Anaïs Demoustier with Alain Chabat and Benoît Magimel in Quentin Dupieux’s Incroyable Mais Vrai
For Anaïs the character of Emilie first represents things that she is driving for herself. The question of a powerful woman and a woman with literary quality and inclination. All these things she is drawn to and it so happens that when she meets her the whole surprise lies in that not only does Emilie meet her desire but that the attraction shifts from an intellectual desire to a physical one also.
AKT: The character of Anaïs is always in motion, always busy and extremely active and so are you. You have two films in Cannes coming up. And I saw online that you have a film directed by Emmanuelle Devos in pre-production?
AD: The film with Emmanuelle Devos is not something I’m going to be involved with, so it’s a mistake on the Internet. Generally, I don’t know that I’d be hyperactive but I do have a good rhythm of work and I get to do something I really enjoy, which is to move from one cinematic universe to another.
In Cannes now there’s a film with Quentin Dupieux [Fumer Fait Tousser] and another with Cédric Jimenez [Novembre] and they are such different forms of filmmaking. And different from Charline also. I think that one aspect of the work which is really rewarding is to have the ability to find all of the things I look for in these different characters.
Anaïs In Love opens in the US on Friday, April 29
AKT: Besides herself as role model, did Charline give you any movies, any screwball comedies for instance, to watch in preparation?
AD: No, it’s funny, I didn’t watch anything on her command.

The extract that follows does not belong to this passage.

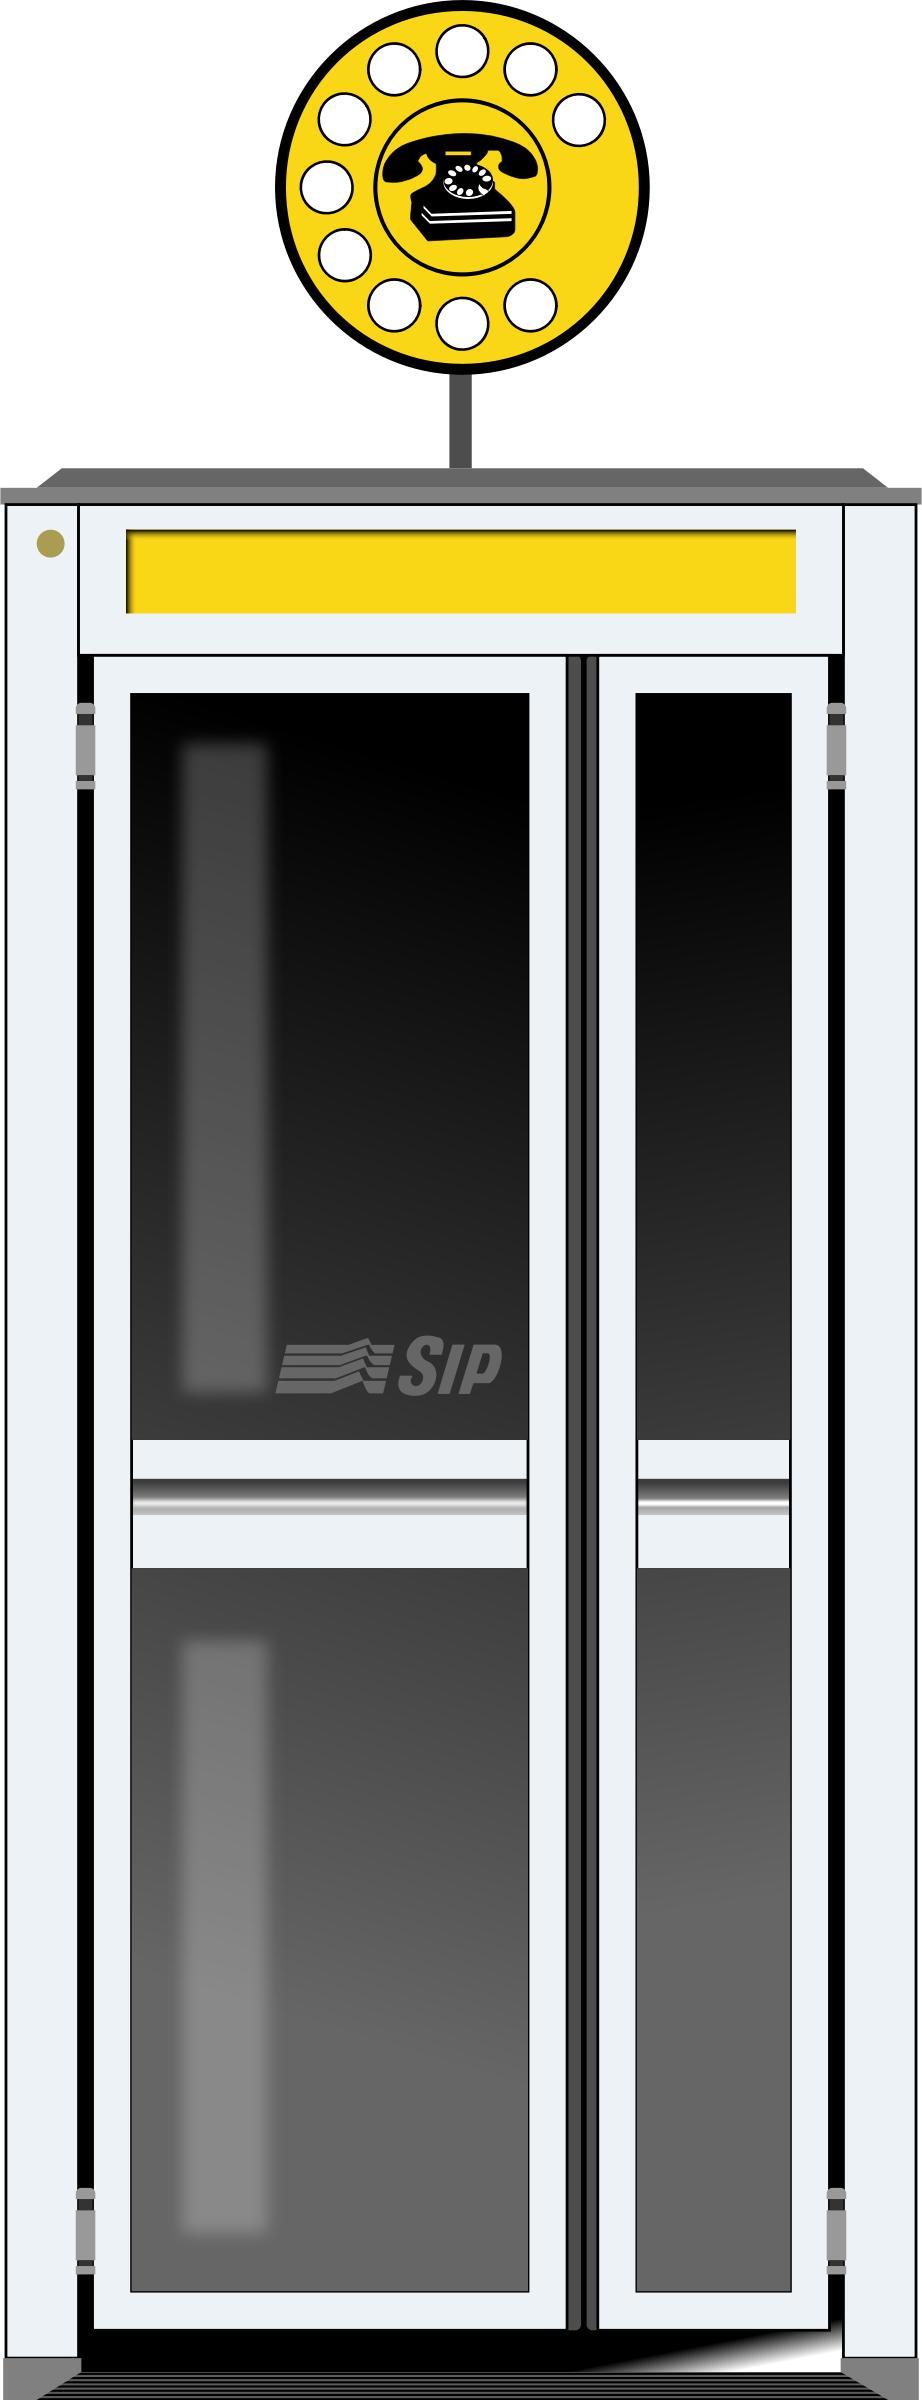 Telephone booth png transparent

I know that she had watched Claude Sautet’s films again for reference of certain things, so I was aware of her cinematic influences. The closest you’d come to that is that we had worked together previously on a short film, Pauline asservie, and we knew that the character would be an intersection of Charline, myself, and the Pauline character from the short film.
The only thing I did have a say on is that when I first read the feature script I asked Charline to emphasize some of the excesses she had drawn with Pauline’s character for the Anaïs character, so that I could have as much pleasure as I did have playing Pauline. That’s something that I did have input on.
AKT: Marguerite Duras looms large over the whole film. Did you reread her for your role?
AD: I didn’t reread Marguerite Duras for this film specifically in part because she is so close to my literary culture anyway. I like her writing. I got to play Marguerite Duras in a play by Christophe Honoré, who is a French director who works in cinema and theater. It was about authors of the Nouveau Roman, and I got to explore Marguerite Duras’s character. So she was already very close to me and I didn’t have to reread her specifically.
AKT: Who was Alain Robbe-Grillet in Christophe Honoré’s production? Do you remember?
AD: Yes, it was Jean-Charles Clichet.
AKT: Thank you Anaïs, great work!
AD: Thank you!
Anaïs In Love opens in the US on April 29.